I was spending some time pinning this afternoon and came across this pin….
Underneath the pin it says “oncology nurse”. I 100% agree with this. On Friday afternoon I sat with my coworker who has been an oncology nurse for around 15 years as she had a meltdown asking me how she is going to continue to do this. Every nurse has these, no matter what field… but I feel like it is especially hard in a field like oncology. We see people’s lives getting cut short and changed drastically every day. We mourn the loss of people who’s lives and families we have poured into month after month.
Just a few weeks ago I sat at my desk as one of the dietitians I work with and I stared at each other. In the span of a month we had lost two patients in their 30s. Two young moms. Two amazing people. And we stared at each other and asked “how do we even begin to process this? how?”

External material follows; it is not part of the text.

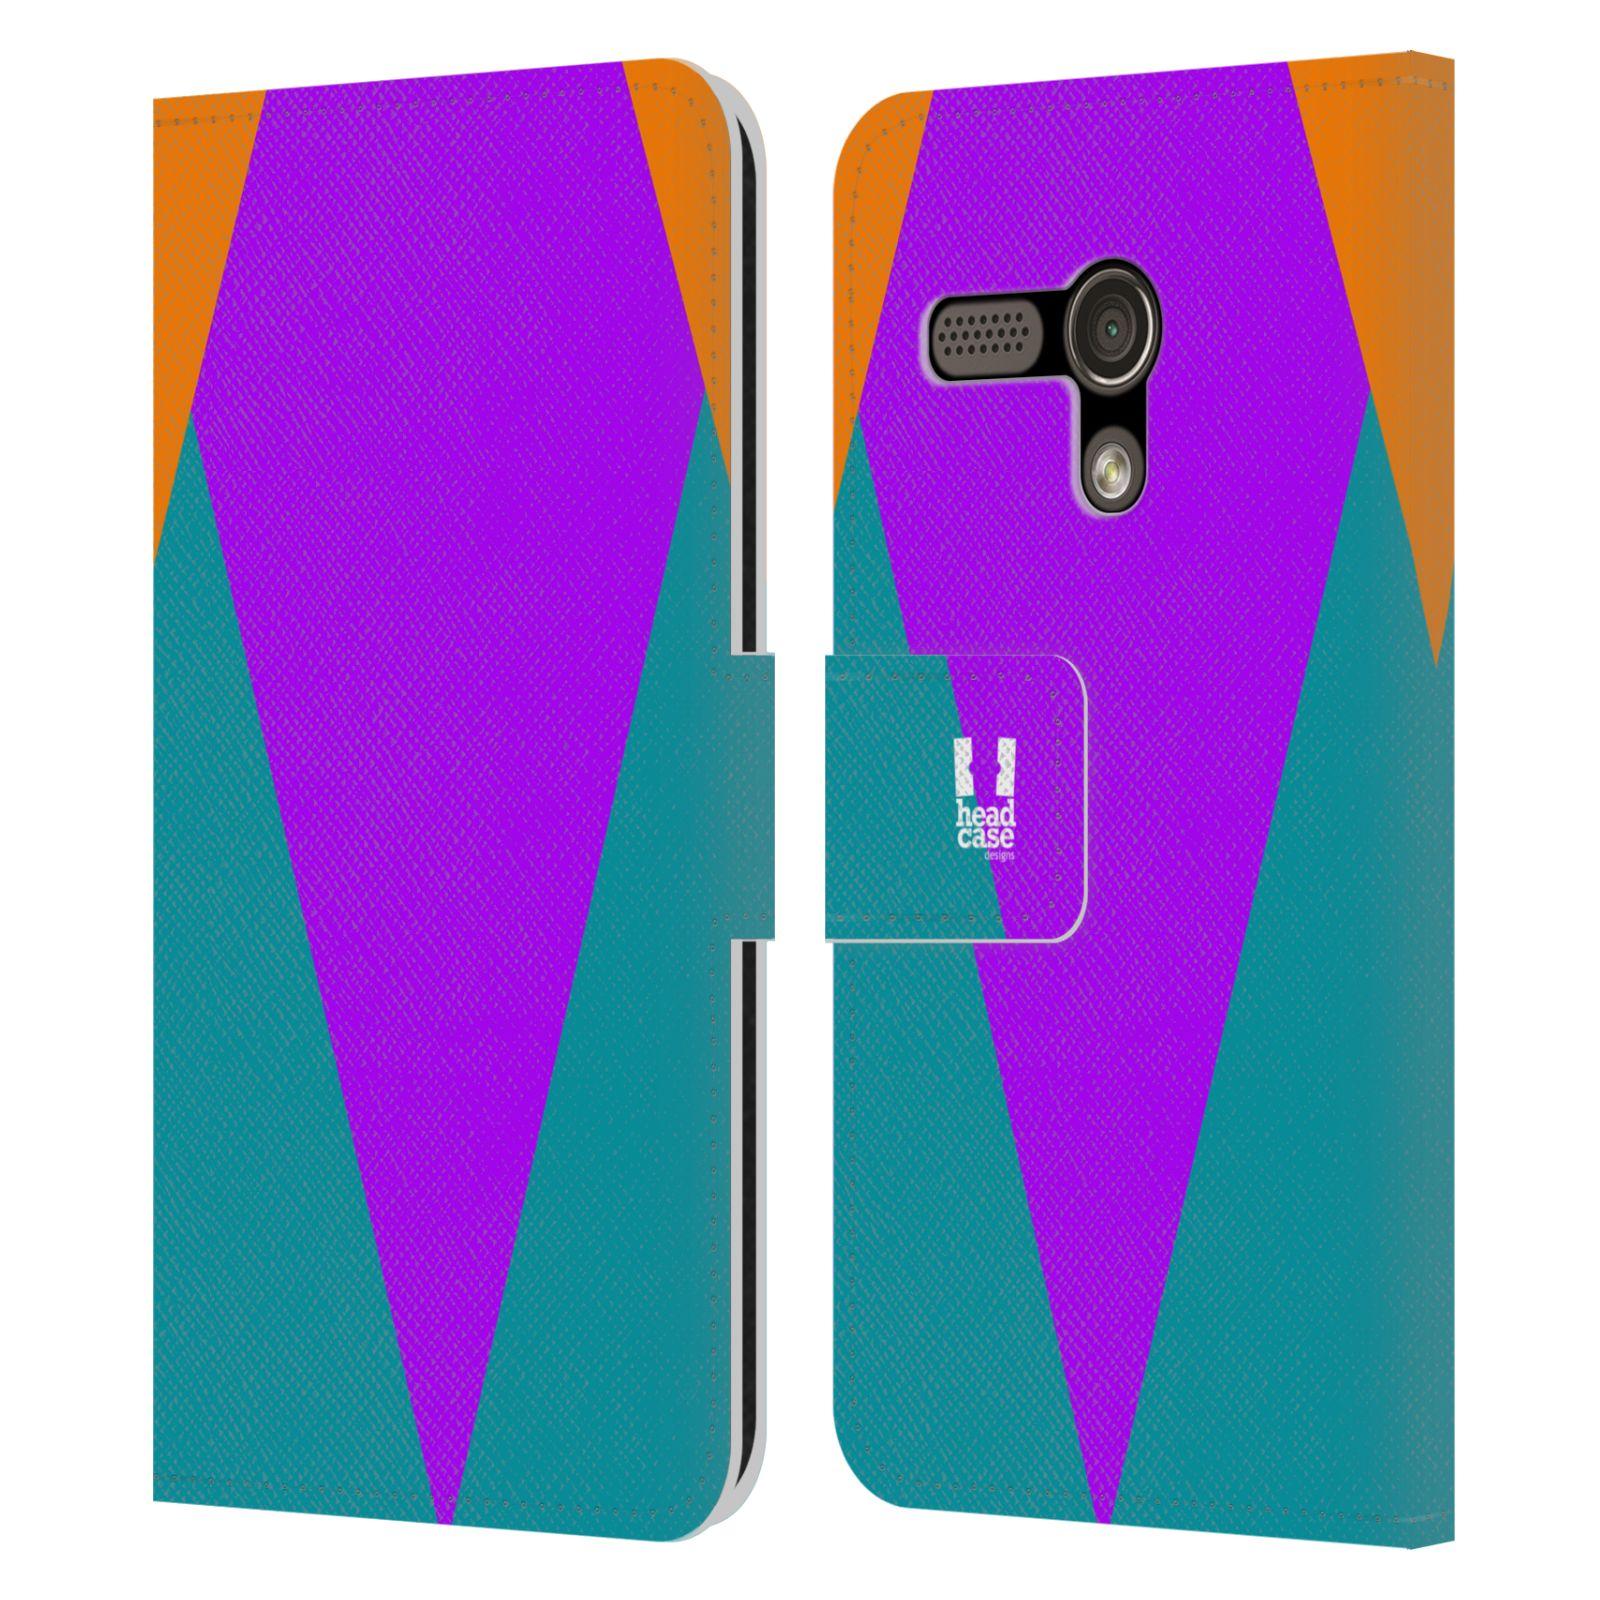 HEAD CASE Flipové pouzdro pro mobil Motorola MOTO G barevné tvary šipka fialová

It isn’t easy to understand why cancer happens to so many amazing people. It isn’t easy to watch people suffer. But I know this. I know that at this point in my life I was created to do this. I know that I can walk out of my job each day knowing that I have touched lives. I know that as hard as those moments of grief are, they are worth it.
They are worth it because I have been gifted with the opportunity to walk through this time of life with these people. To be let in. To be trusted. To rejoice over small victories with them. My job is a gift, my career path is a gift, and even when it seems impossible to grieve anymore… when I dread going to work because I feel so emotionally spent and the crazy days seem never ending. I think back to the moments when those sweet patients of mine who have moved on from this life looked at me and thanked me. They hugged me and allowed me to cry with them. They hugged me and allowed me to rejoice with them. Those moments of walking down the hall where they put their arm around me and thank me for being their nurse.
I’m not doing this because it is easy. I’m doing it because my patients make it worth it and they help to make me stronger by their strength every day.